Your copy of the entries below should hold exactly the lines from the one containing "Dries van Noten" to the one containing "Tallinn capital of Estonia", inclusive, and no pictures.
Records for processing section start
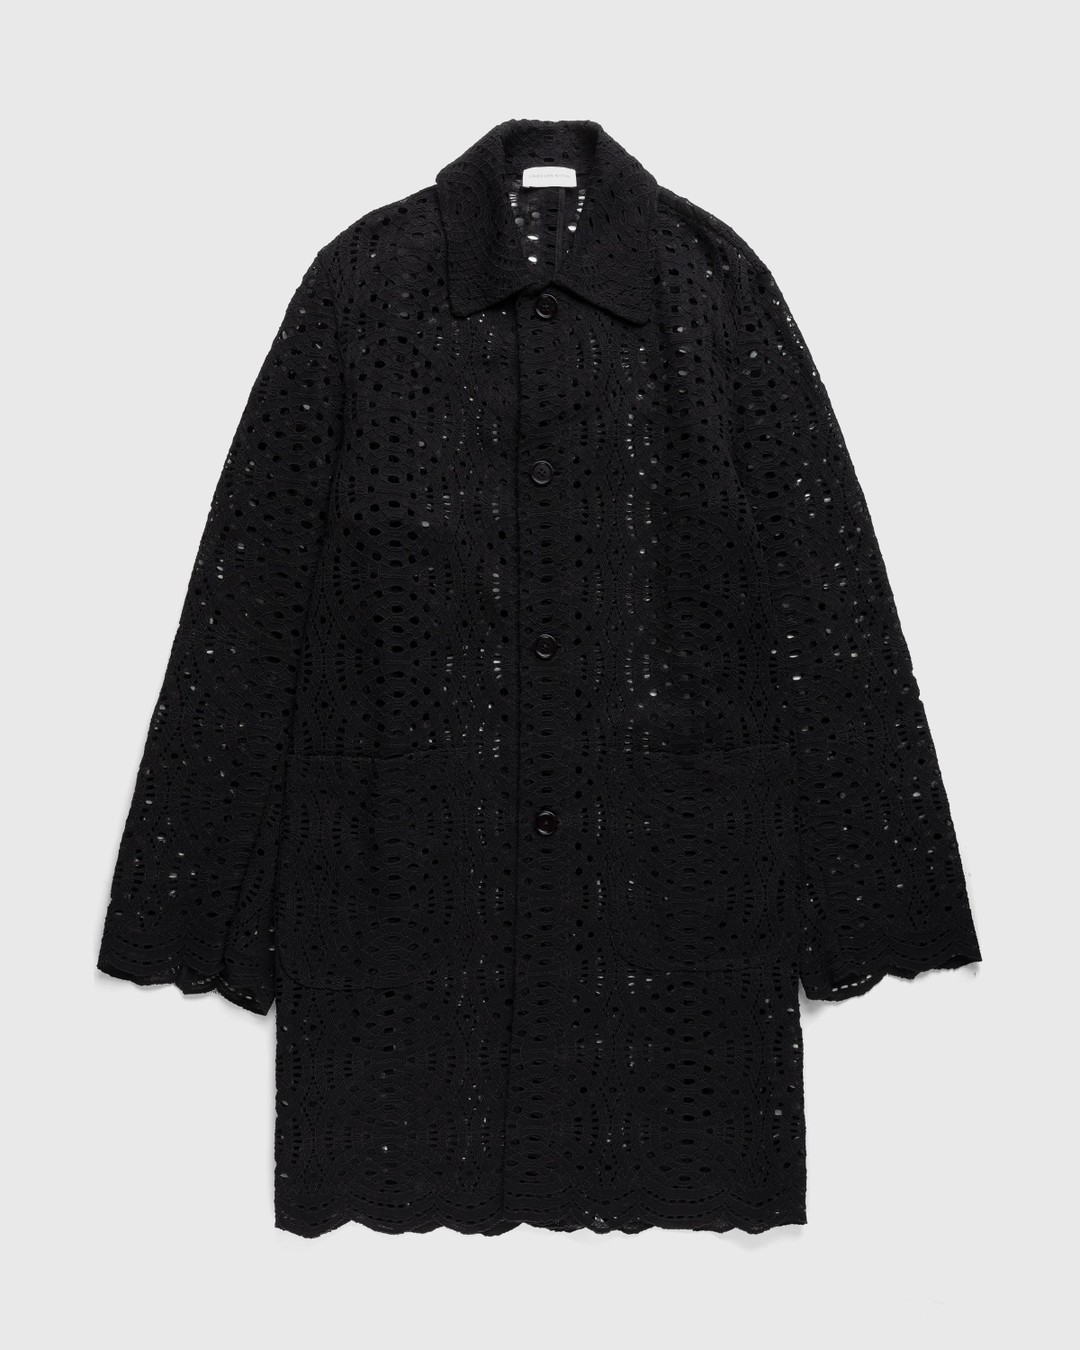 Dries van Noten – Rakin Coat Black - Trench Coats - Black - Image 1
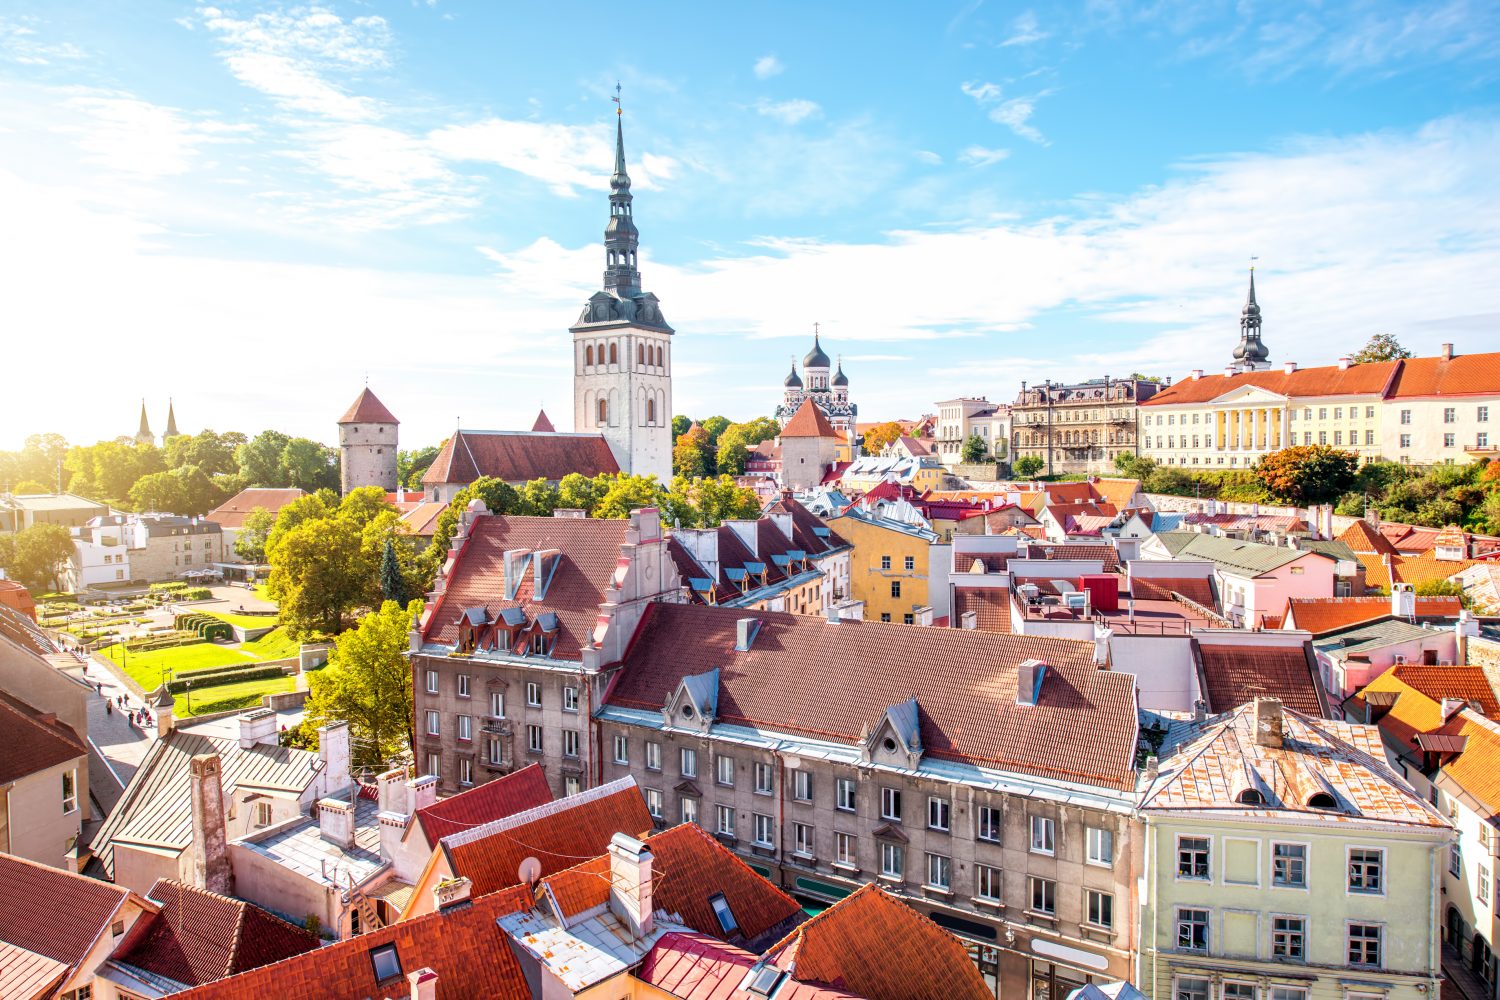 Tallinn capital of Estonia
Records for processing section end
Records for processing section start
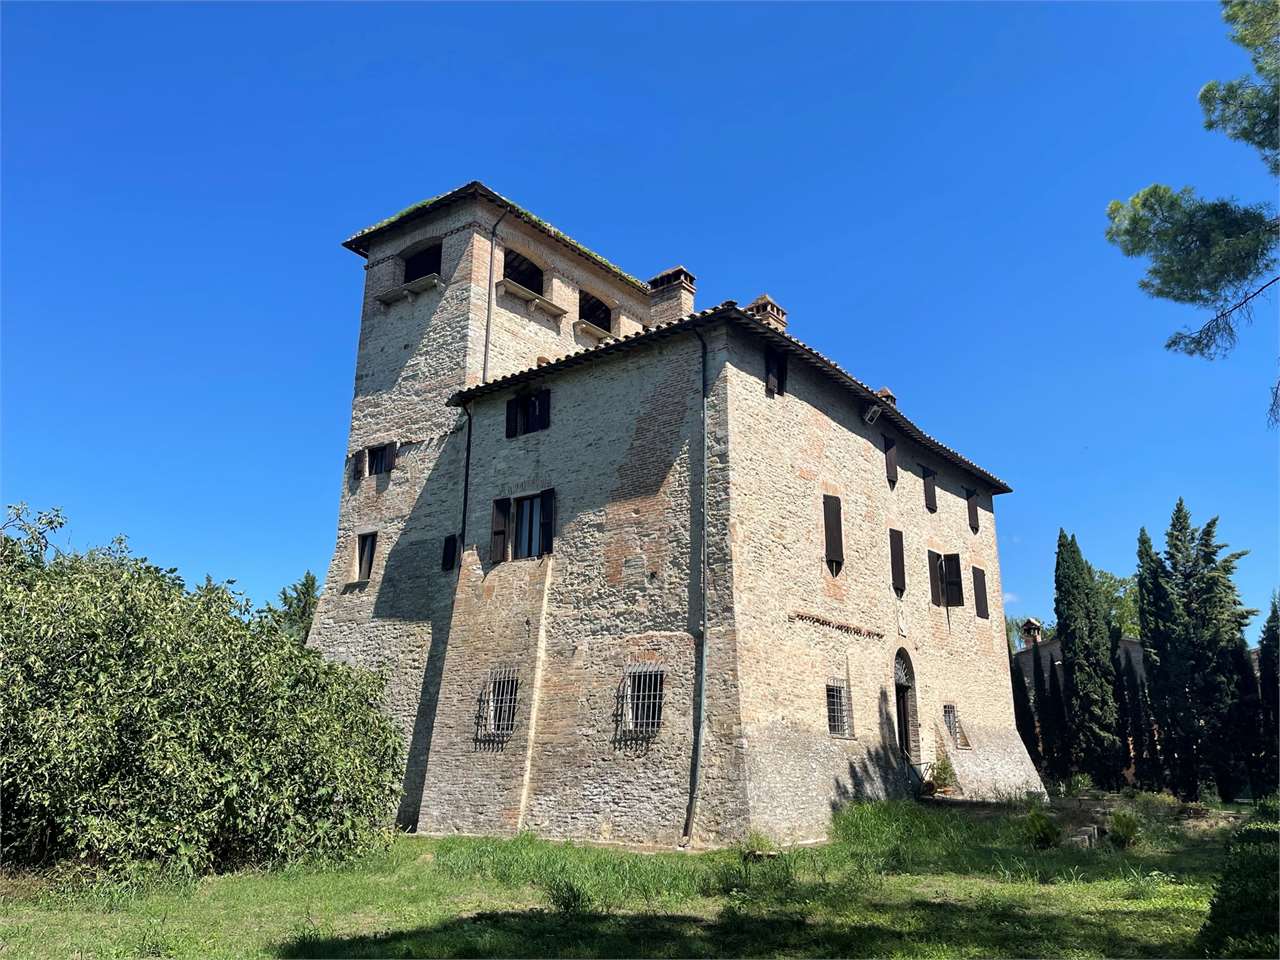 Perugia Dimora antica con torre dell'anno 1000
Records for processing section end
Expected answer –
 Dries van Noten – Rakin Coat Black - Trench Coats - Black - Image 1
 Tallinn capital of Estonia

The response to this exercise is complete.